Department of Out patients Care, Echocardiography, Nuclear medicine National Instituto of Cardiology Ignacio Chávez, Juan Badiano No.1, Colonia Sección XVI, Tlalpan, Mexico City 14080, Mexico.
Department of Cardiovascular Medicine, Mayo Clinic, 200 1st St Sw, Rochester, MN, USA.
Eur Heart J Cardiovasc Imaging. 2018 May 1;19(5):508-515. doi: 10.1093/ehjci/jey021.
Ischaemic mitral regurgitation (IMR) is consequence of left ventricular (LV) remodelling after myocardial infarction. In some cases, the mitral valve enlarges to compensate for LV remodelling and tenting, improving its coaptation; a process termed 'plasticity'. We sought to identify clinical and echocardiographic factors associated with plasticity in patients with chronic inferior myocardial infarction (CII).
This study included 91 revascularized CII patients and 46 controls. Plasticity and IMR severity were evaluated by 2D transthoracic echocardiography. Compared with controls, CII patients were older (59 vs. 25 years) and mostly men (80% vs. 46%), both P < 0.001. Chronic inferior myocardial infarction patients also had significant LV remodelling: larger LV volumes, larger mitral tenting areas, larger coaptation depths, longer mitral leaflets and chords, and worse mitral regurgitation (all P ≤ 0.03). Of 91 CII patients, 60 had mitral plasticity (longer anterior and posterior leaflets and longer posterior chords, all P < 0.001), despite not exhibiting significantly larger LV volumes, tenting area or coaptation depth, when compared with patients with no plasticity. Contralateral (anterior) papillary muscle-to-annulus length tended to be increased in CII plasticity patients (P = 0.05). Also they had less moderate and severe IMR (both P < 0.04) compared with non-plasticity CII patients. Multivariate analysis demonstrated independent associations between plasticity and smoking [odds ratio (OR) 0.03, 0.002-0.57; P = 0.019], duration of type-2 diabetes (OR 1.19, 1.007-1.42; P = 0.04) and haemoglobin (OR 2.17, 1.25-3.76; P = 0.005).
Mitral plasticity results in less moderate and severe IMR. Longer time-duration of diabetes mellitus and higher haemoglobin level are independently associated with mitral plasticity, while smoking independently associates with no plasticity. Increased anterior papillary muscle-to-annulus length in CII patients with plasticity suggests complex LV remodelling mechanisms are involved in plasticity.
缺血性二尖瓣反流(IMR)是心肌梗死后左心室(LV)重构的后果。在某些情况下,二尖瓣会扩大以补偿 LV 重构和帆状,从而改善其对合;这个过程被称为“可塑性”。我们试图确定与慢性下壁心肌梗死(CII)患者的可塑性相关的临床和超声心动图因素。
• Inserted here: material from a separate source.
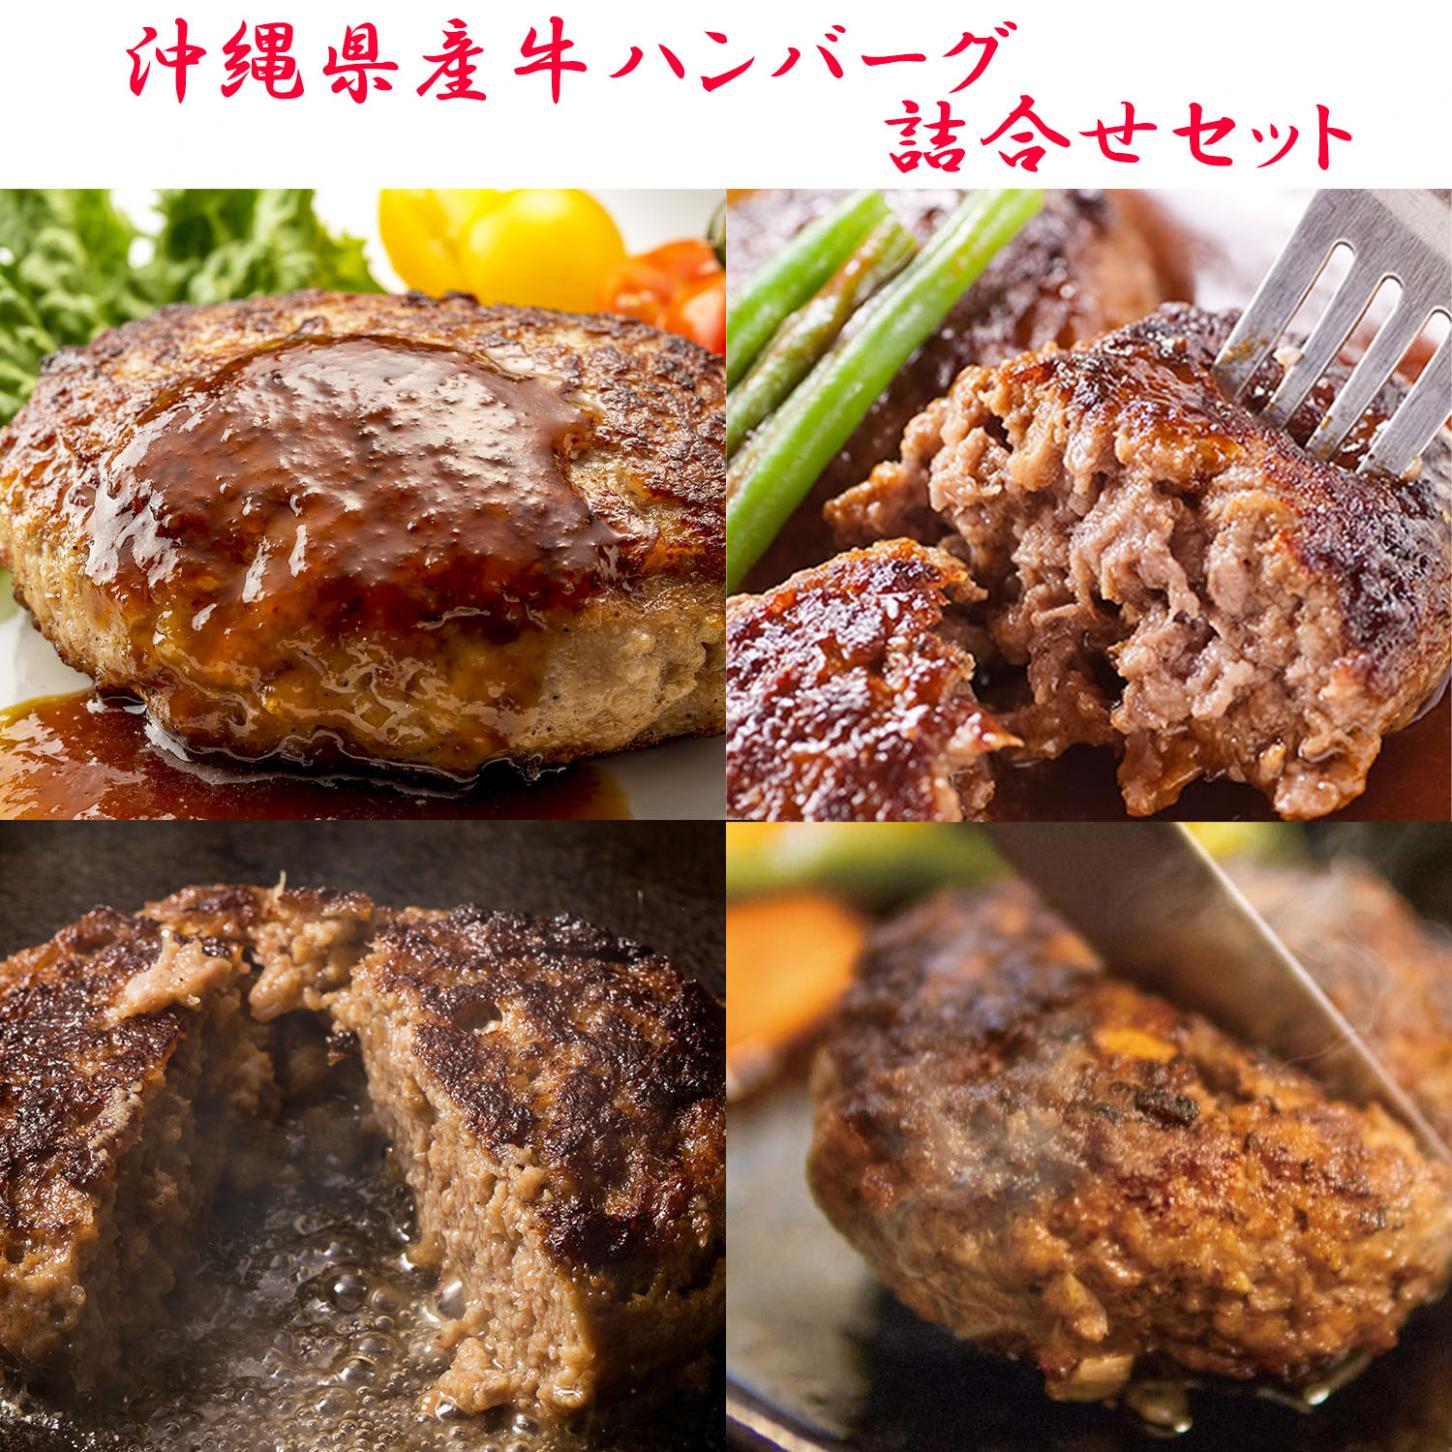 沖縄県産牛ハンバーグ詰合せセット(8個入・送料込)

这项研究包括 91 例再血管化的 CII 患者和 46 例对照。通过二维经胸超声心动图评估可塑性和 IMR 严重程度。与对照组相比,CII 患者年龄更大(59 岁比 25 岁),且大多数为男性(80%比 46%),均 P<0.001。慢性下壁心肌梗死患者也有明显的 LV 重构:更大的 LV 容积、更大的二尖瓣帆状面积、更大的对合深度、更长的二尖瓣叶和腱索以及更严重的二尖瓣反流(均 P≤0.03)。在 91 例 CII 患者中,60 例患者有二尖瓣可塑性(前、后叶更长,后腱索更长,均 P<0.001),尽管与无可塑性患者相比,LV 容积、帆状面积或对合深度没有显著增大。与 CII 无可塑性患者相比,CII 可塑性患者的对侧(前)乳头肌-瓣环长度往往更长(P=0.05)。此外,他们的中度和重度 IMR 更少(均 P<0.04)。多变量分析显示,可塑性与吸烟[比值比(OR)0.03,0.002-0.57;P=0.019]、2 型糖尿病的持续时间(OR 1.19,1.007-1.42;P=0.04)和血红蛋白[OR 2.17,1.25-3.76;P=0.005]独立相关。
二尖瓣可塑性导致中度和重度 IMR 减少。糖尿病持续时间较长和血红蛋白水平较高与二尖瓣可塑性独立相关,而吸烟与无可塑性独立相关。在有可塑性的 CII 患者中,前乳头肌-瓣环长度增加表明涉及复杂的 LV 重构机制。